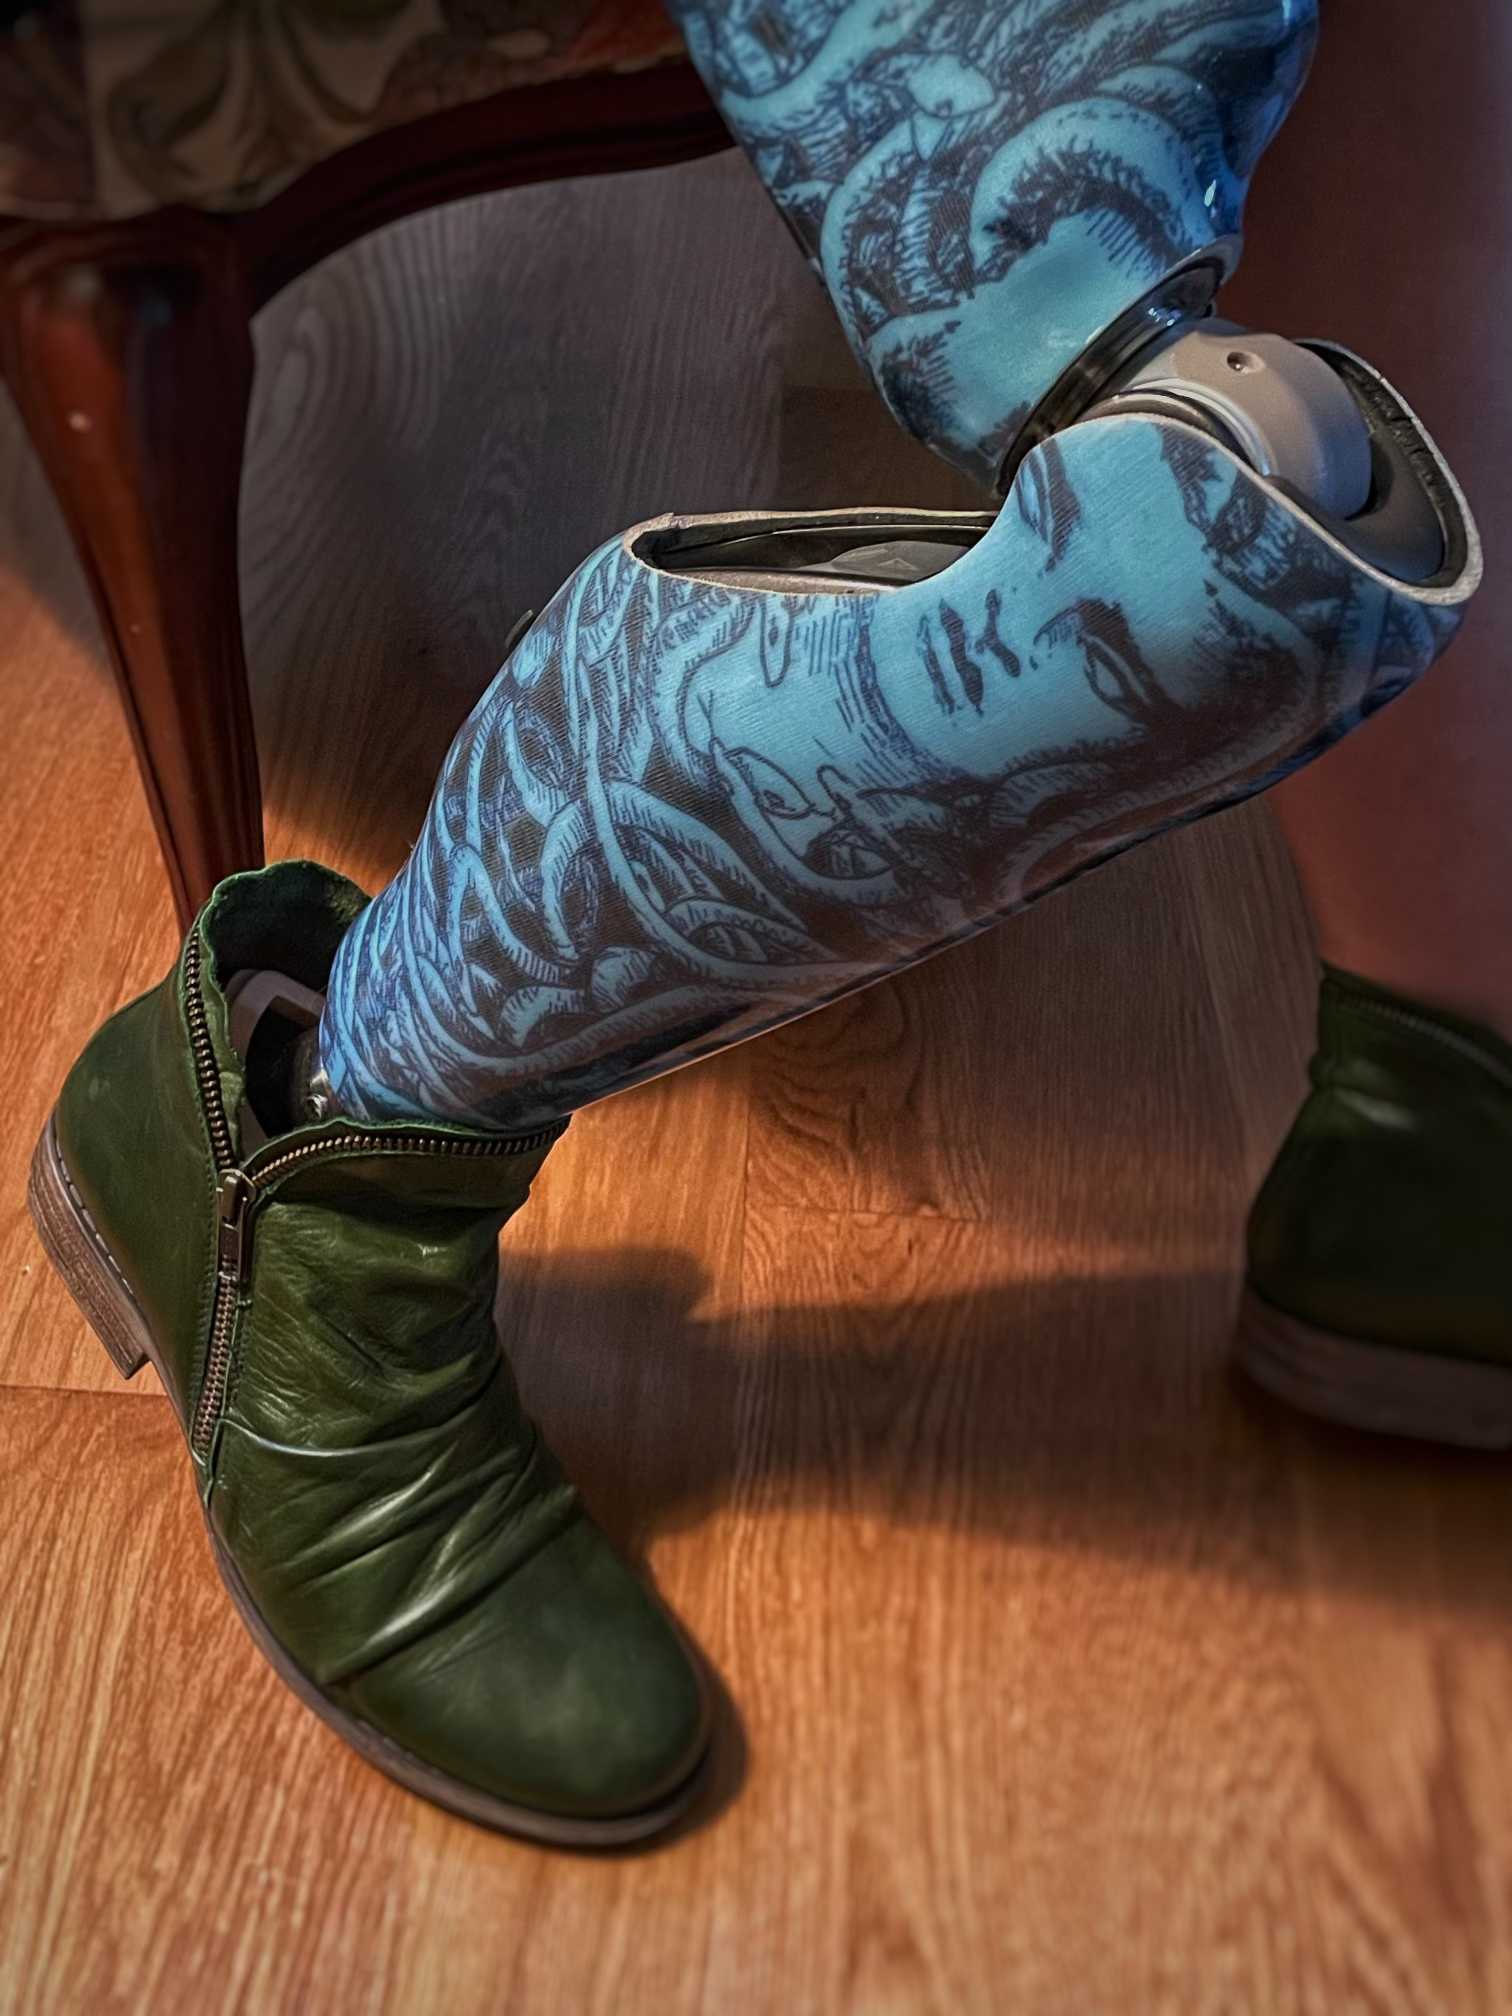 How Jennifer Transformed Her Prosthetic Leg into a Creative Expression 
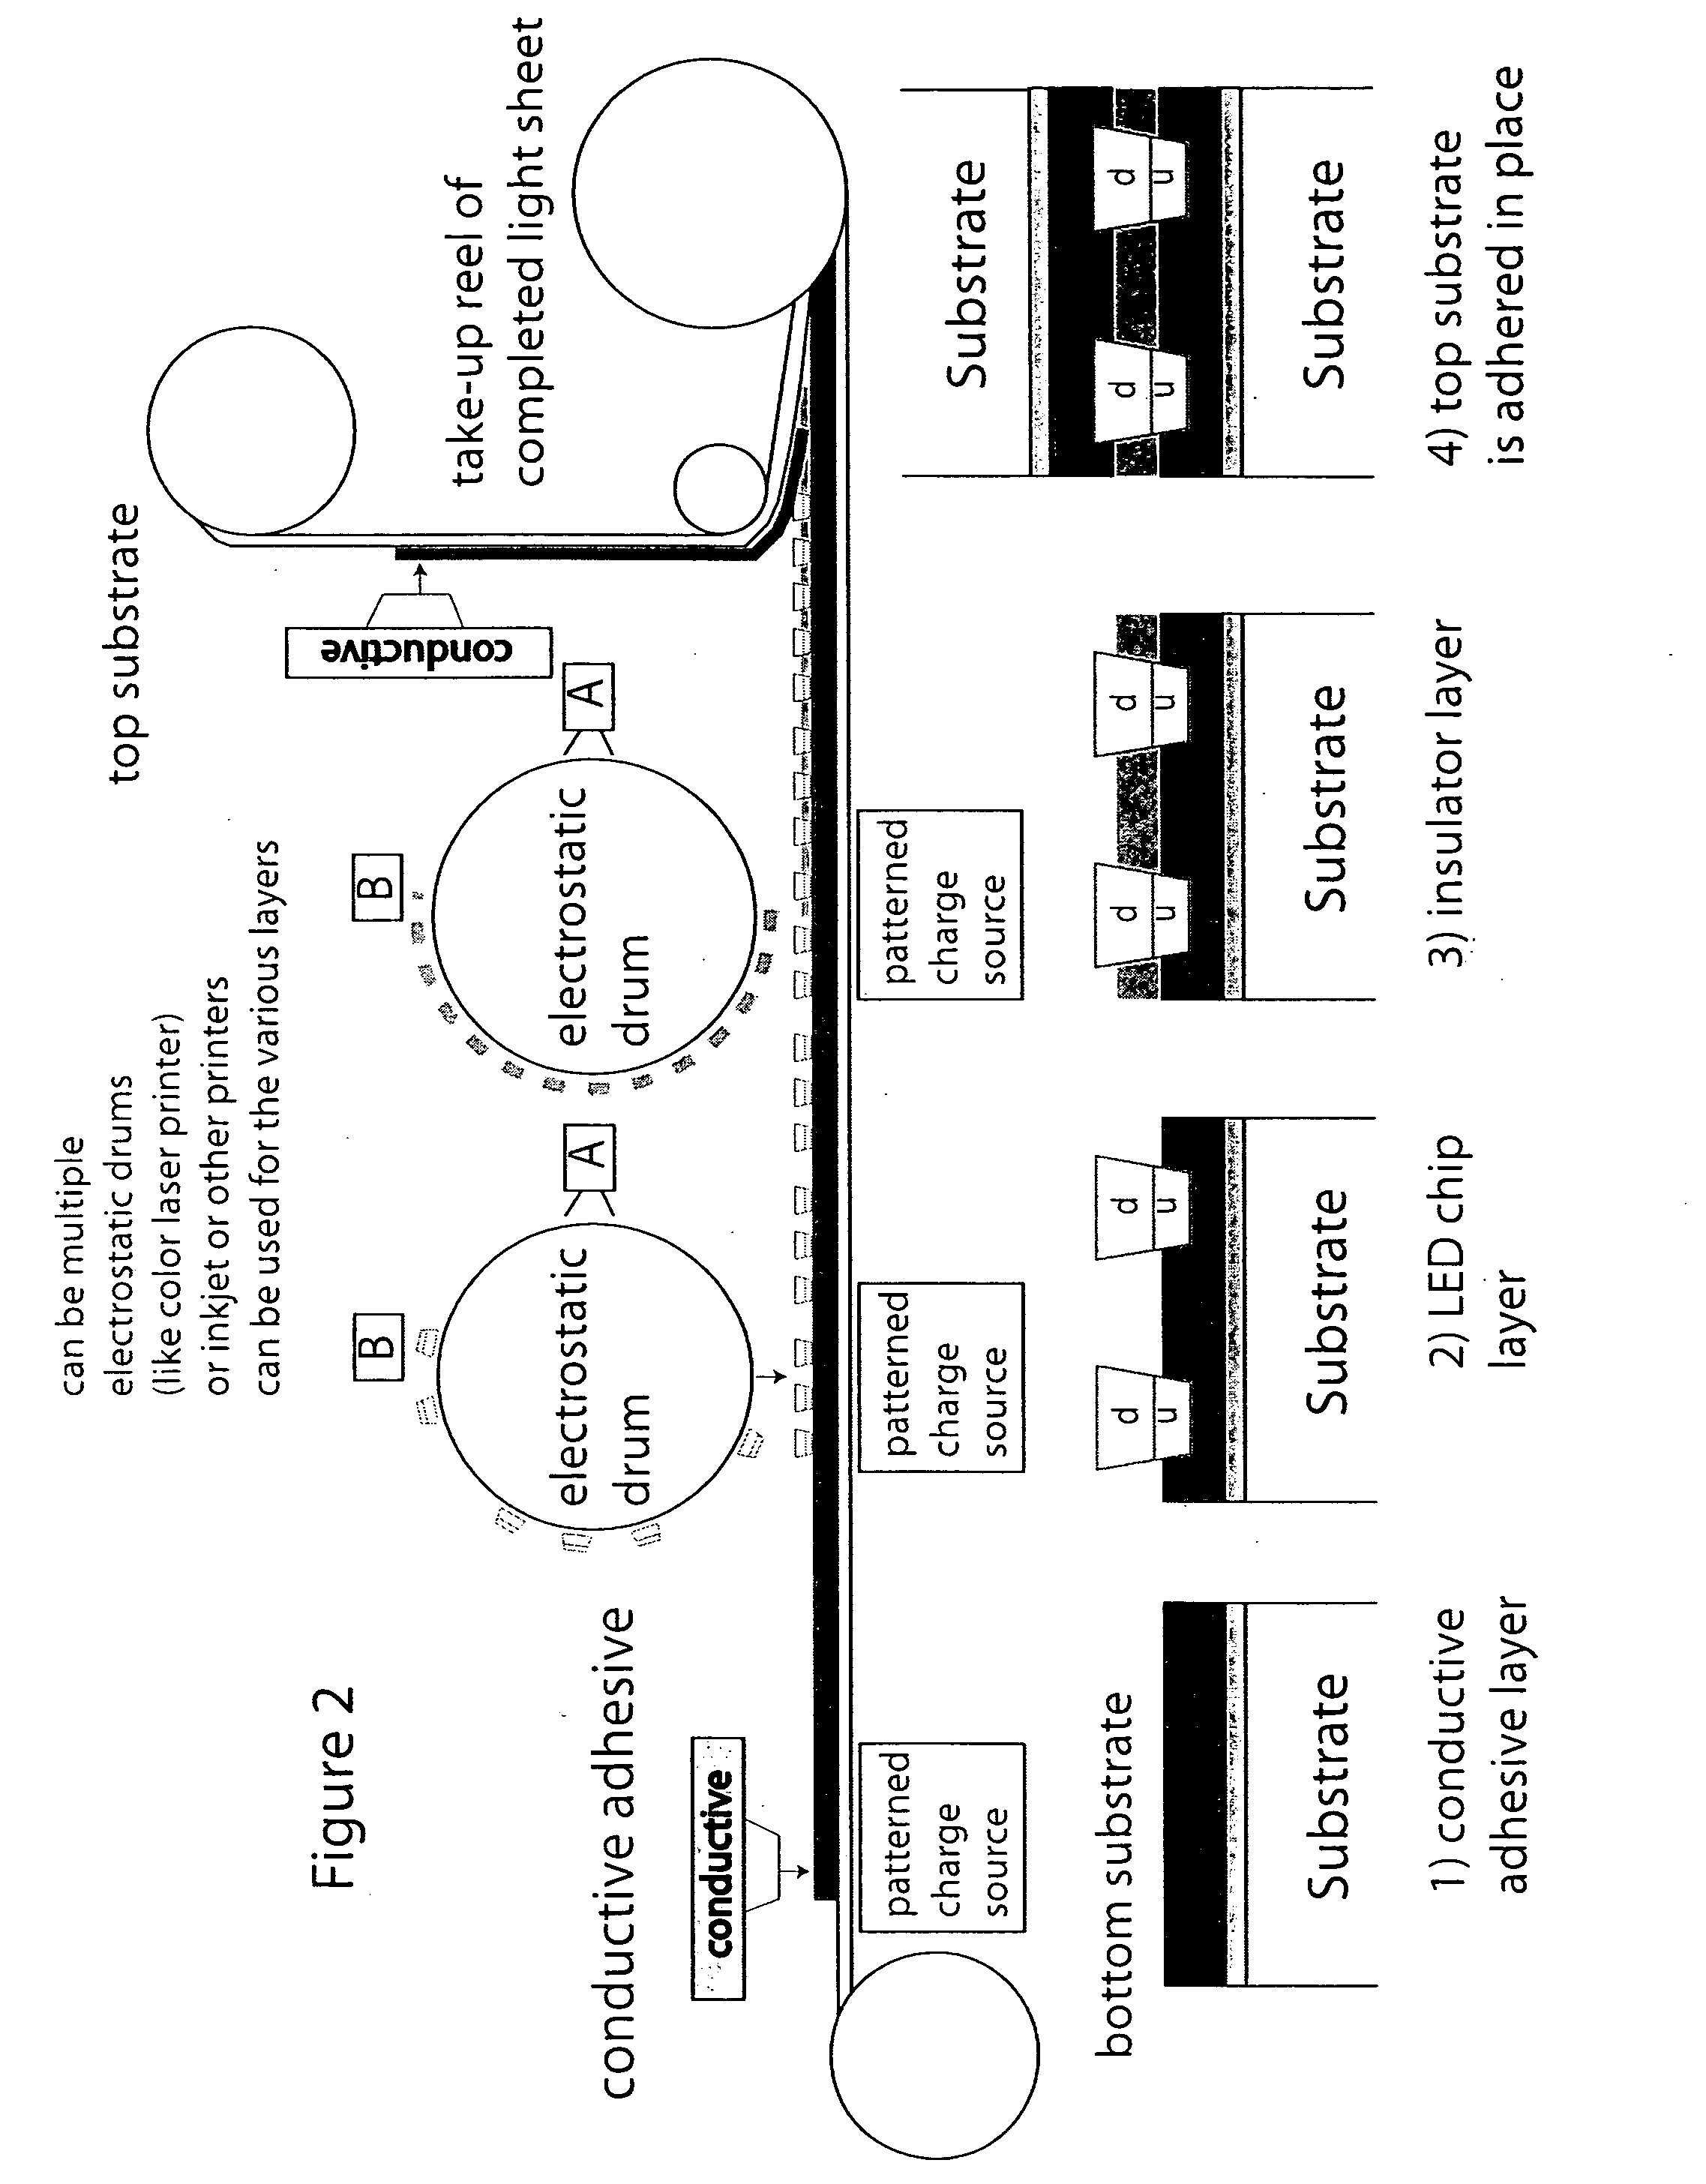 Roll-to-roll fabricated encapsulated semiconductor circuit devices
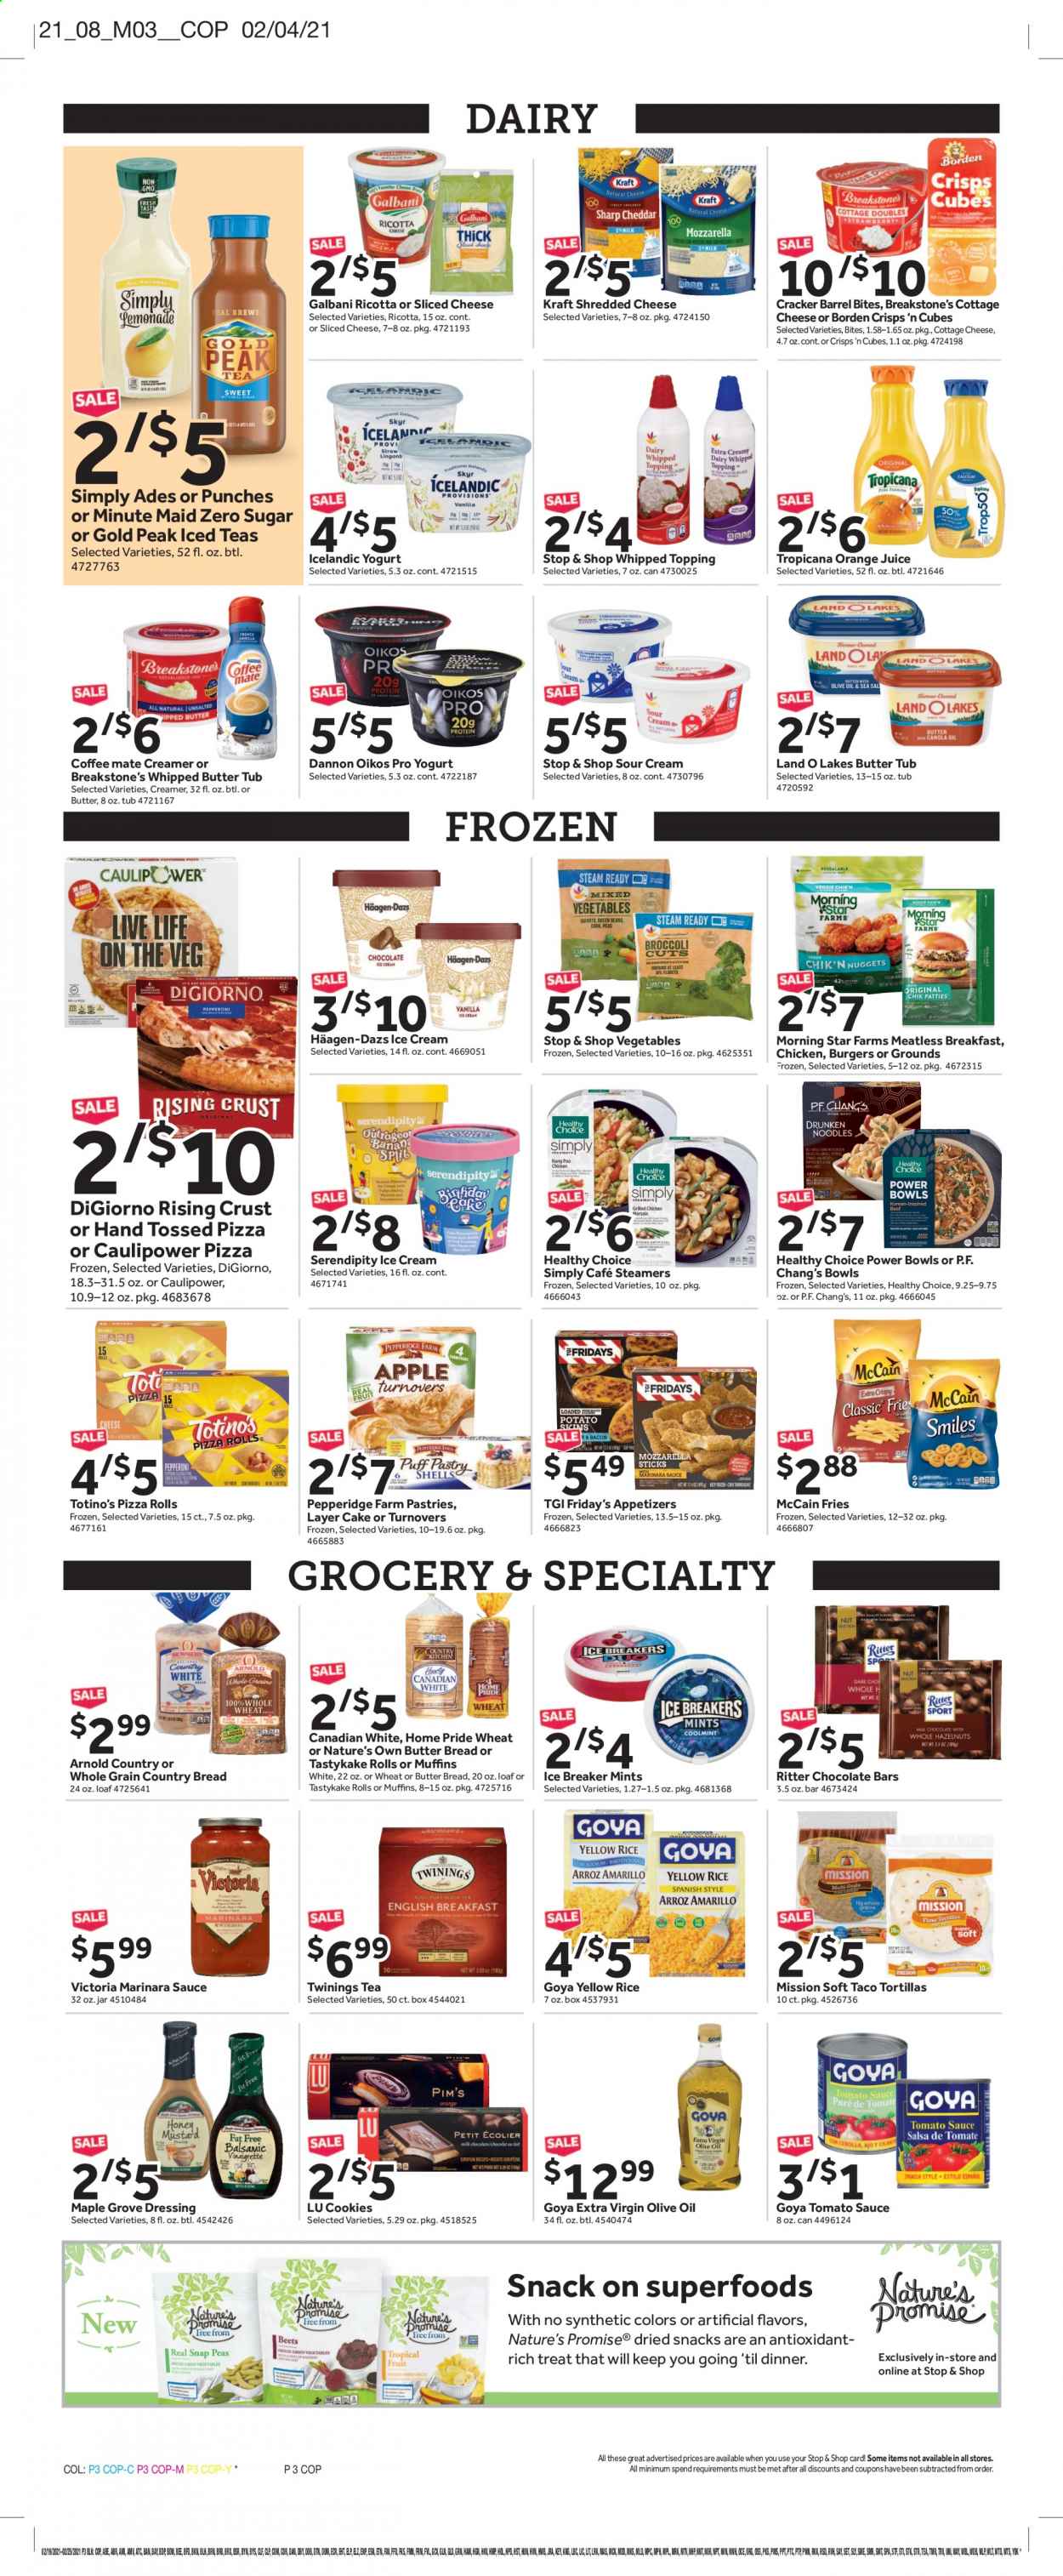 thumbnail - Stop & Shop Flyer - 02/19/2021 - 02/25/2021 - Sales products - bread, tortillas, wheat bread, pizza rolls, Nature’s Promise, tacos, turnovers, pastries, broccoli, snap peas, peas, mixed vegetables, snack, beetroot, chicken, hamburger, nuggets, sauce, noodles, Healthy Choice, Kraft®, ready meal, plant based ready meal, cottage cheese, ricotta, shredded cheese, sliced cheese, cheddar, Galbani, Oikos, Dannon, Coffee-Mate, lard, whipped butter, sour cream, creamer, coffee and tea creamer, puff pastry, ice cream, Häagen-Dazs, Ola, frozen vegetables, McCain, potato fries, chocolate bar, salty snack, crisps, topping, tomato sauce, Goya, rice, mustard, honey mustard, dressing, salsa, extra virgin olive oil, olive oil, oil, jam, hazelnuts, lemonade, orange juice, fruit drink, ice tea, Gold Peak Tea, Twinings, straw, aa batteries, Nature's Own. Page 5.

AIM OF THE TASK: Output the material above exactly, without pictures.

TASK OUTPUT:
 How Jennifer Transformed Her Prosthetic Leg into a Creative Expression 
 Roll-to-roll fabricated encapsulated semiconductor circuit devices
 thumbnail - Stop & Shop Flyer - 02/19/2021 - 02/25/2021 - Sales products - bread, tortillas, wheat bread, pizza rolls, Nature’s Promise, tacos, turnovers, pastries, broccoli, snap peas, peas, mixed vegetables, snack, beetroot, chicken, hamburger, nuggets, sauce, noodles, Healthy Choice, Kraft®, ready meal, plant based ready meal, cottage cheese, ricotta, shredded cheese, sliced cheese, cheddar, Galbani, Oikos, Dannon, Coffee-Mate, lard, whipped butter, sour cream, creamer, coffee and tea creamer, puff pastry, ice cream, Häagen-Dazs, Ola, frozen vegetables, McCain, potato fries, chocolate bar, salty snack, crisps, topping, tomato sauce, Goya, rice, mustard, honey mustard, dressing, salsa, extra virgin olive oil, olive oil, oil, jam, hazelnuts, lemonade, orange juice, fruit drink, ice tea, Gold Peak Tea, Twinings, straw, aa batteries, Nature's Own. Page 5.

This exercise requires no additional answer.